Tuberculosis and Respiratory Diseases 2008; 65(6): 495-503.

Published online: 31 December 2008

DOI: https://doi.org/10.4046/trd.2008.65.6.495

Identification of DNA Methylation Markers for NSCLC Using Hpall-Mspl Methylation Microarray

Mi Hye Kwon, M.D.1, Go Eun Lee, M.D.1, Sun Jung Kwon, M.D.1, Eugene Choi, M.D.1, Moon Jun Na, M.D.1, Hyun Min Cho, M.D.2, Young Jin Kim, M.D.2, Hye Jung Sul, M.D.3, Young Jun Cho, M.D.4, Ji Woong Son, M.D.1

1Department of Internal Medicine, Konyang University School of Medicine, Daejeon, Korea.

2Department of Chest Surgery, Konyang University School of Medicine, Daejeon, Korea.

3Department of Pathology, Konyang University School of Medicine, Daejeon, Korea.

4Department of Radiology, Konyang University School of Medicine, Daejeon, Korea.

Address for correspondence: Ji Woong Son, M.D. Department of Internal Medicine, Konyang University Hospital, 685, Gasuwon-dong, Seo-gu, Daejeon 302-718, Korea. Phone: 82-42-600-8817, Fax: 82-42-600-9090, sk1609@hanmail.net

Received 9 October 2008       Accepted 19 November 2008

Copyright © 2008 The Korean Academy of Tuberculosis and Respiratory Diseases

Abstract

Background

Epigenetic alterations in certain genes are now known as at least important as genetic mutation in pathogenesis of cancer. Especially abnormal hypermethylation in or near promoter region of tumor suppressor genes (TSGs) are known to result in gene silencing and loss of gene function eventually. The authors tried to search for new lung cancer-specific TSGs which have CpG islands and HpaII sites, and are thought to be involved in carcinogenesis by epigenetic mechanism.

Methods

Tumor tissue and corresponding adjacent normal tissue were obtained from 10 patients who diagnosed with non small cell lung cancer (NSCLC) and underwent surgery in Konyang university hospital in 2005. Methylation profiles of promoter region of 21 genes in tumor tissue & non-tumor tissue were examined with HpaII-MspI methylation microarray (Methyl-Scan DNA chip®, Genomic tree, Inc, South Korea). The rates of hypermethylation were compared in tumor and non-tumor group, and as a normal control, we obtained lung tissue from two young patients with pneumothorax during bullectomies, methylation profiles were examined in the same way.

Results

Among the 21 genes, 10 genes were commonly methylated in tumor, non-tumor, and control group. The 6 genes of APC, AR, RAR-b, HTR1B, EPHA3, and CFTR, among the rest of 11 genes were not methylated in control, and more frequently hypermethylated in tumor tissue than non-tumor tissue.

Conclusion

In the present study, HTR1B, EPHA3, and CFTR are suggested as possible novel TSGs of NSCLC by epigenetic mechanism.

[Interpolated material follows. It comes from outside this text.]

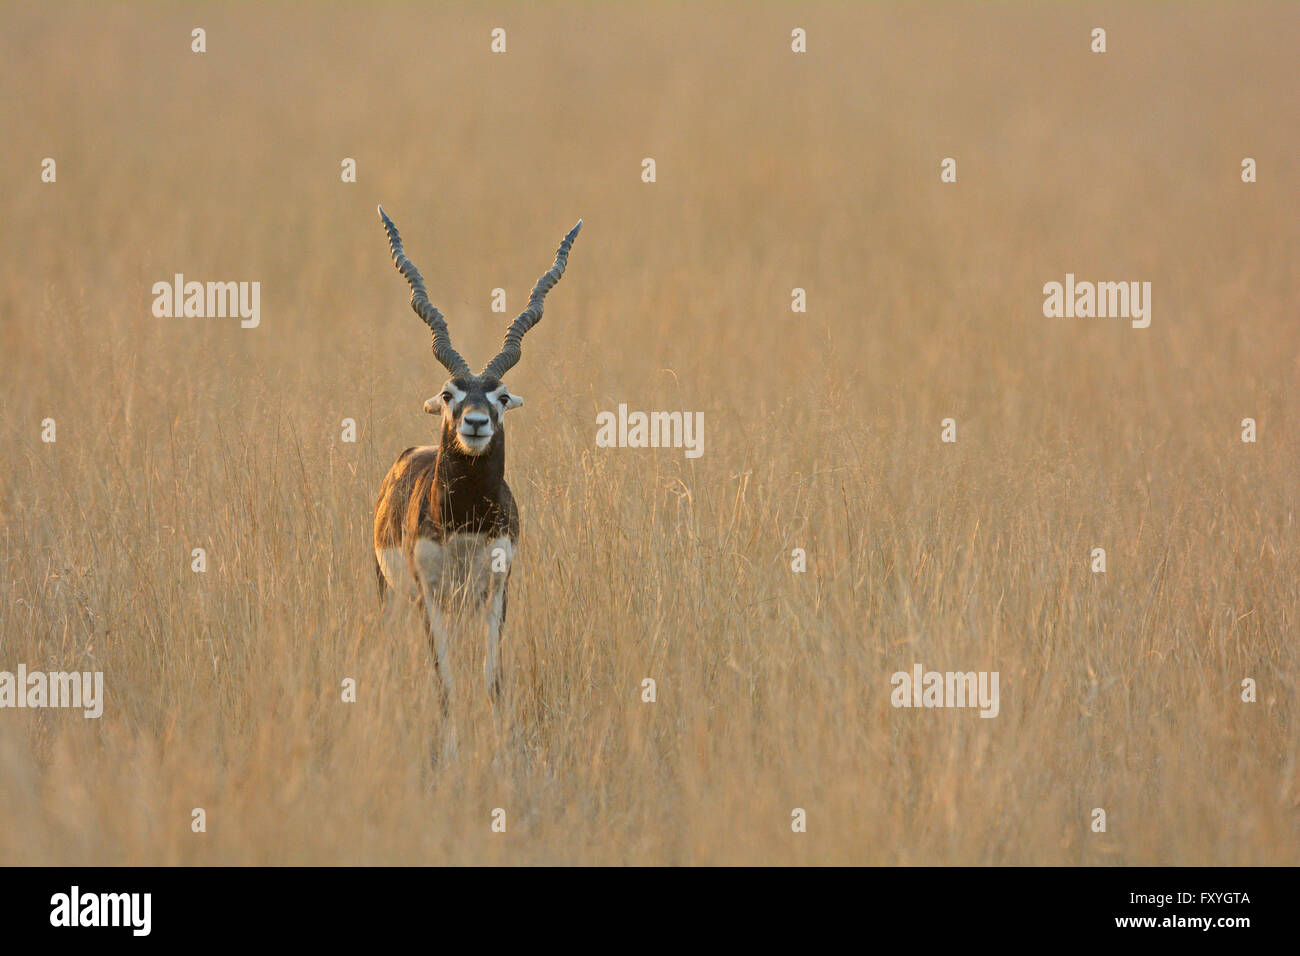 Blackbuck (Antilope cervicapra), male, in the Tal Chhapar grasslands of Rajasthan, India Stock Photo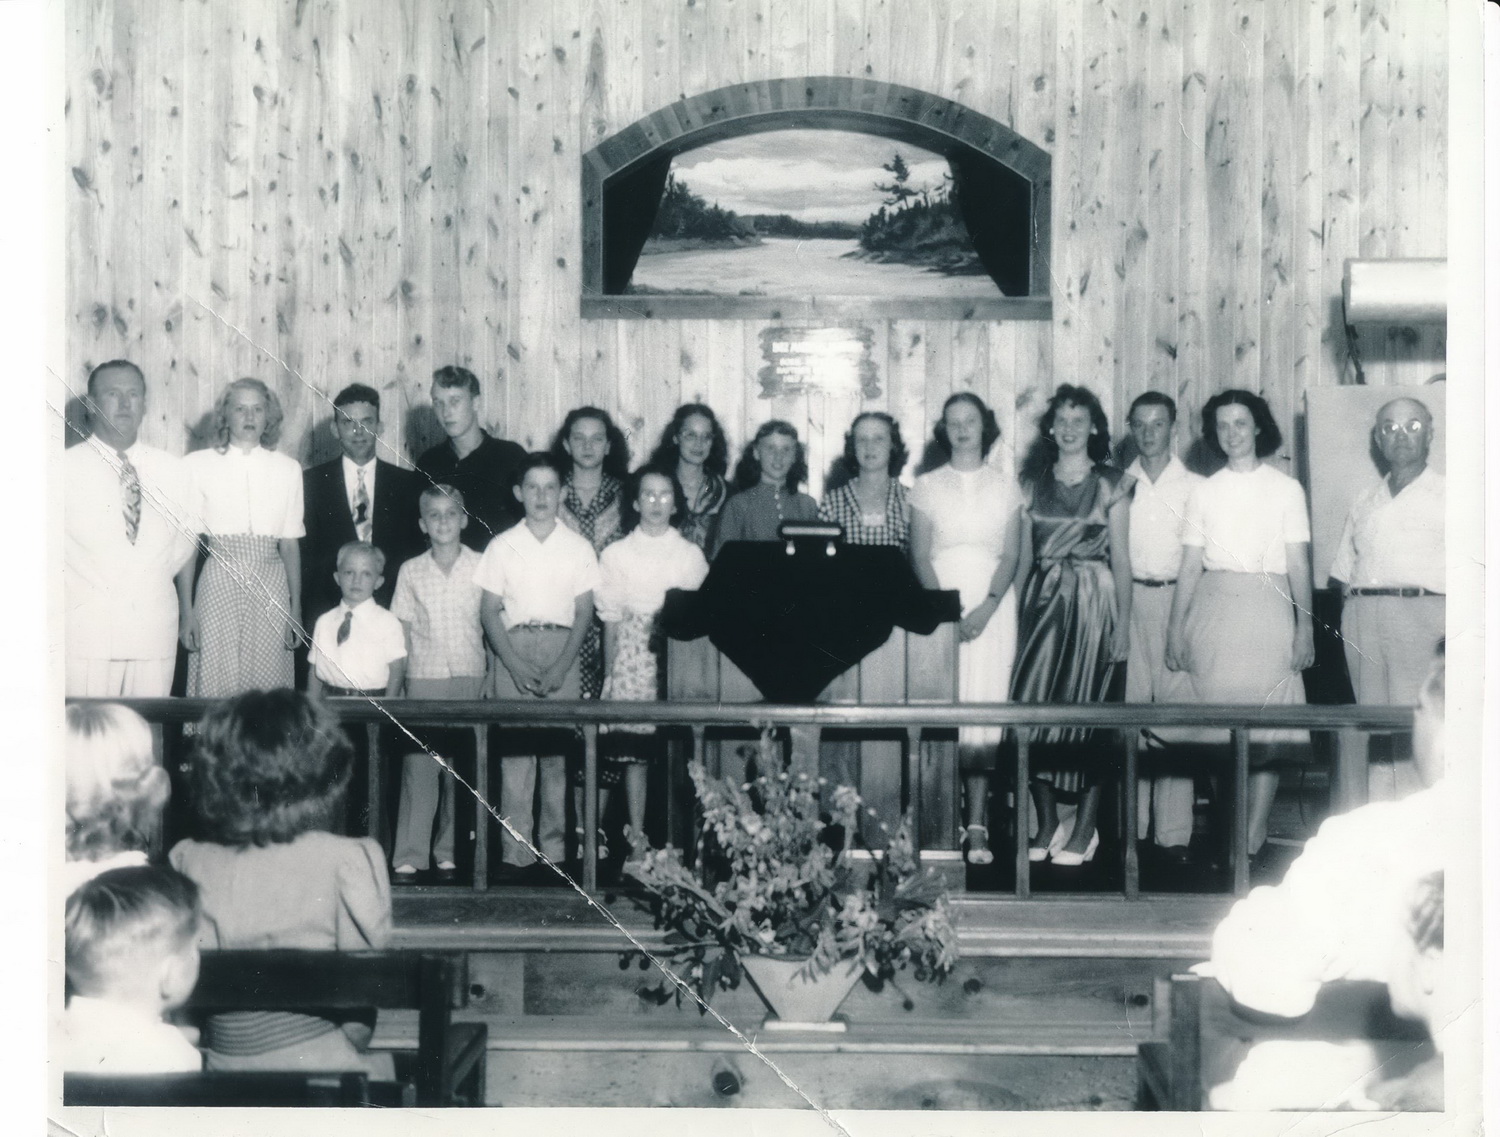 Baptisim at Flemington Baptist Church, 1949

Keywords: DNA hypermethylation, Tumor suppressor gene, DNA microarray, Non-small cell lung cancer

Introduction

Lung cancer is the leading cause of cancer-related mortality worldwide attributing 1 million deaths every year1. There has been no effective screening tool with survival benefit2,3, leading to search for novel, non-invasive method for early detection of lung cancers. Early detection includes the identification of lung cancer-specific biomarkers.
Pathogenesis of cancer is having been elucidated gradually as genetics and molecular biology evolves. Epigenetic alteration of genes with their rolls of tumor suppression is one of the central mechanisms of tumorigenesis other than genetic mutation. This promising field has been being researched for more than two decades, and methylation of the CpG islands in or near of promoter region of tumor suppressor genes is major composition of epigenetic mechanism. When methylation occurs, some other events such as deacetylations of histone residues readily accompany, and conformational change of DNA inhibits transcriptional factors and some proteins from binding for the transcription to be initiated. And loss of function of the tumor suppressor genes (TSGs), for example, is resulted without alterations of genetic sequences4-6. Epigenetic alterations are changes that could be reversed by demethylating agents such as azacitidine and some results from several studies on these agents with some kinds of cancers disclosed the effectiveness in survival rate and symptom relief, so application into clinical field was just started5.
In the present study authors hypothesized that if a gene could be a TSG by epigenetic mechanisms, more frequent methylation profiling of that gene should be observed in tumor tissue than adjacent non-tumor tissue in a subject, or in tissue from cancer-free control group. So we investigated methylation profiles of genes in nonsmall cell lung cancer (NSCLC) patients and compared with corresponding adjacent non-tumor lung tissues. We tried to search for non-small cell lung cancer-specific tumor suppressor genes of which their function is inhibited by epigenetic mechanism.

Materials and Methods

1. Patients & DNA extraction

Total of 10 patients with primary NSCLC who underwent lung surgeries in 2005 in Konyang university hospital were included. This study was approved by the Bioethics Committee of Konyang University Hospital and all of the participants gave written informed consent. All of the tumor and macroscopically normal lung tissue samples were obtained at the time of surgery, and were rapidly frozen in liquid nitrogen and stored at -80℃ until analysis. Also, normal lung tissue was obtained from two young healthy male patients with pneumothoraces through their bullectomies. Tissues samples were histologically confirmed by hematoxylin-eosin staining. DNA was extracted and prepared using the QiaAmp DNA mini kit® (Qiagen, Hilden, Germany).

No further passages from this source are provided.